Let $(X,Y)$ and $Z$ be independent random variables. Show $E(X|Y) = E(X|Y,Z)$. No other information is given.
First off, if $(X,Y)$ and $Z$ are independent, are $X$ and $Z$ (and $Y$ and $Z$) also independent?
To show $E(X|Y) = E(X|Y,Z)$, I only considered measurable sets of the form $F \cap G$ for $F \in \sigma(Y)$, $G \in \sigma(Z)$, and it's not quite clear that this exhausts $\sigma(Y,Z)$. In any case, conditional on this, I argued as follows:
$E(E(X|Y)\chi_{F\cap G}) = E(E(X\chi_{F\cap G}|Y)) = E(E(X\chi_{F}\chi_{G}|Y)) = P(G)E(E(X|Y)\chi_{F}) = P(G)E(X\chi_{F})$
and
$E(E(X|Y,Z)\chi_{F\cap G}) = E(X\chi_{F\cap G}) = E(X\chi_{F}\chi_{G}) = P(G)E(X\chi_{F})$
Comments are welcome.
I suppose your random variables are $\mathbb{R}$-valued.
If $(X,Y)$ and $Z$ are independent, then $X$(respectively $Y$) and $Z$ are independent.
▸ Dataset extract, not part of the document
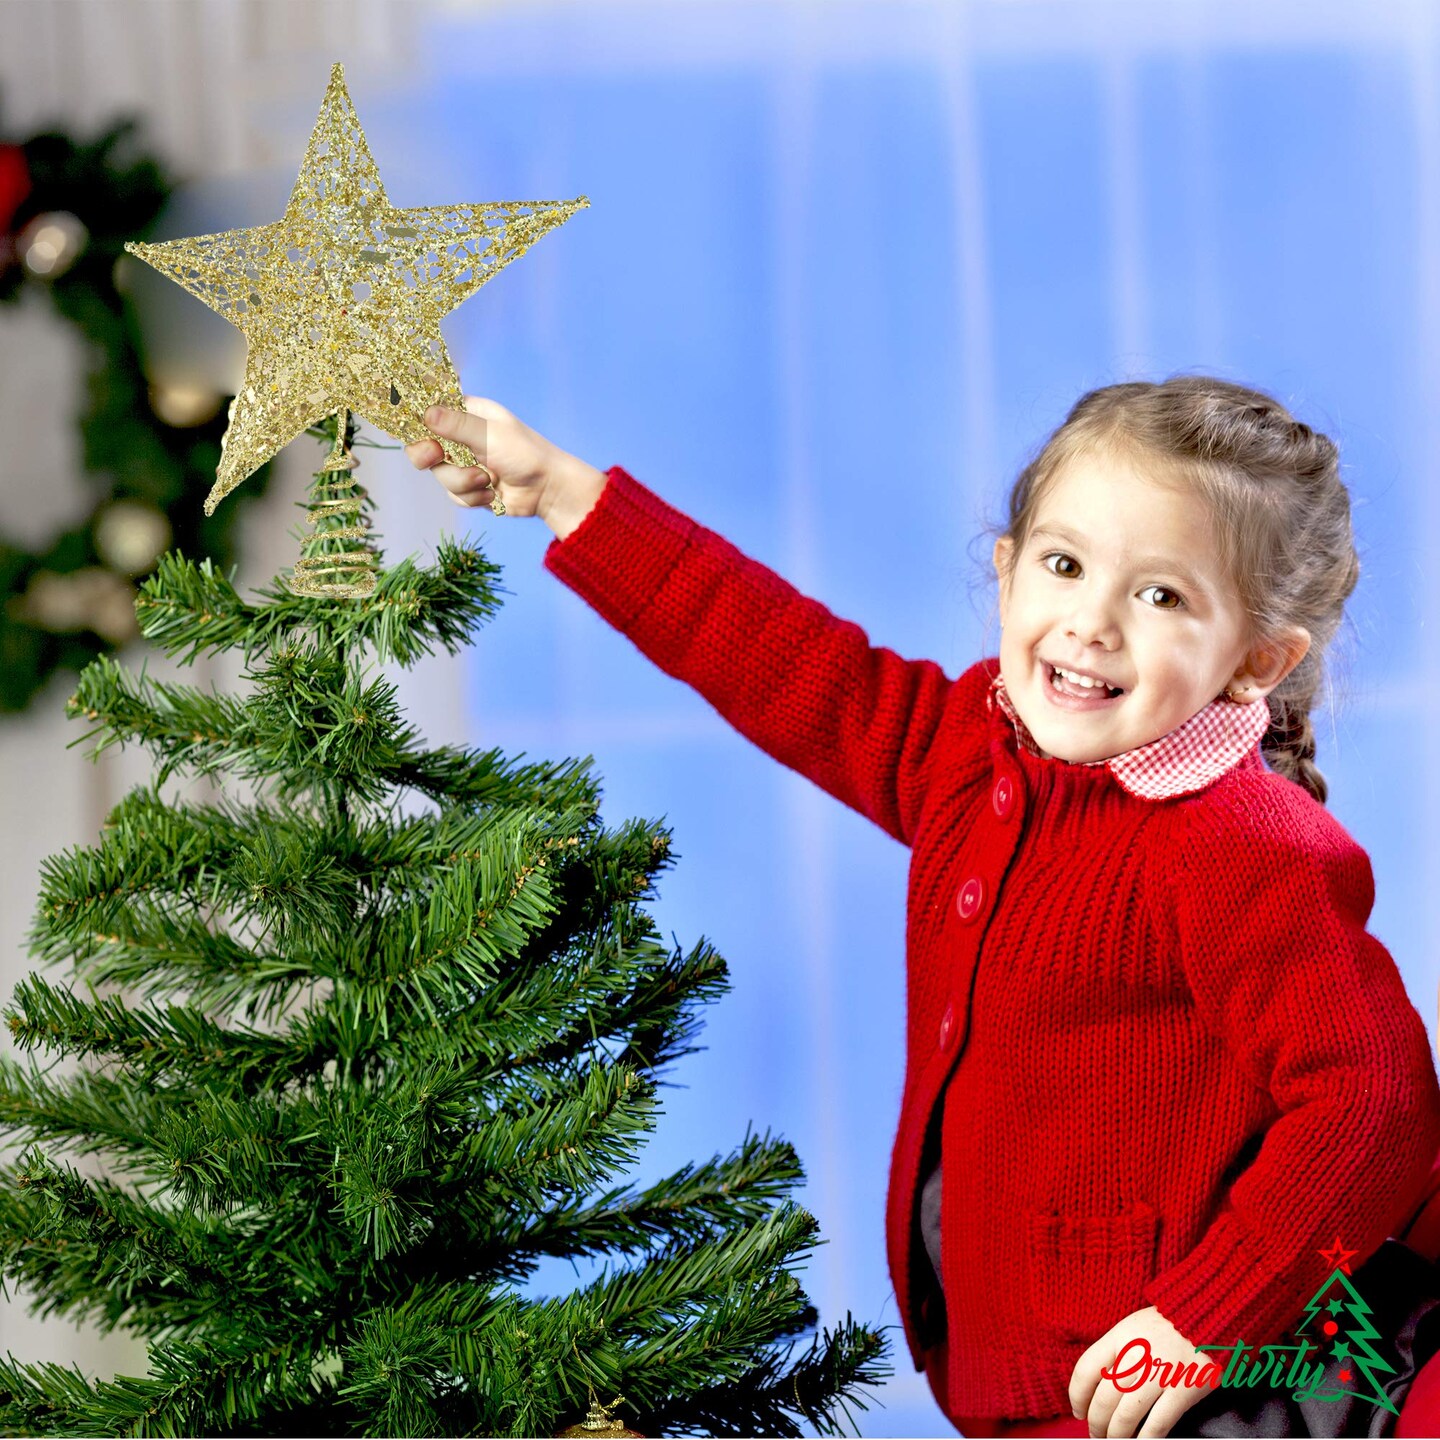 Ornativity Gold Star Tree Topper - Christmas Glitter Star Ornament Treetop Decoration

This is because
\begin{align} P(X\in A, Z \in B) &= P((X,Y) \in A \times \mathbb{R}, Z \in B) \\ &= P((X,Y) \in A \times \mathbb{R})P(Z \in B)\\ &= P(X \in A)P(Z \in B) \end{align}
To show $E(X|Y) = E(X|Y,Z)$, since $E(X|Y)$ is $\sigma(Y)$-measurable thus $\sigma(Y, Z)$-measurable. we only need to show for any measurable and bounded $f : \mathbb{R}^2 \to \mathbb{R}$, $$E(E(X|Y)f(Y,Z)) = E(Xf(Y,Z))$$
Similarly to what you wrote, we can prove that for $f \in S =\{\chi_{F\times G} : F \text{ and } G \text{ are measurable subsets of } \mathbb{R}\}$, since \begin{align} E(E(X|Y)\chi_{F\times G}(Y, Z)) &= E(E(X\chi_{F}(Y)|Y)\chi_{G}(Z)) \\ &= E(E(X\chi_{F}(Y)|Y))E(\chi_{G}(Z)) \\ &= E(X\chi_{F}(Y))E(\chi_{G}(Z)) \\ &= E(X\chi_{F}(Y)\chi_{G}(Z)) \end{align}
Then we can use the functional version of monotone class theorem to conclude.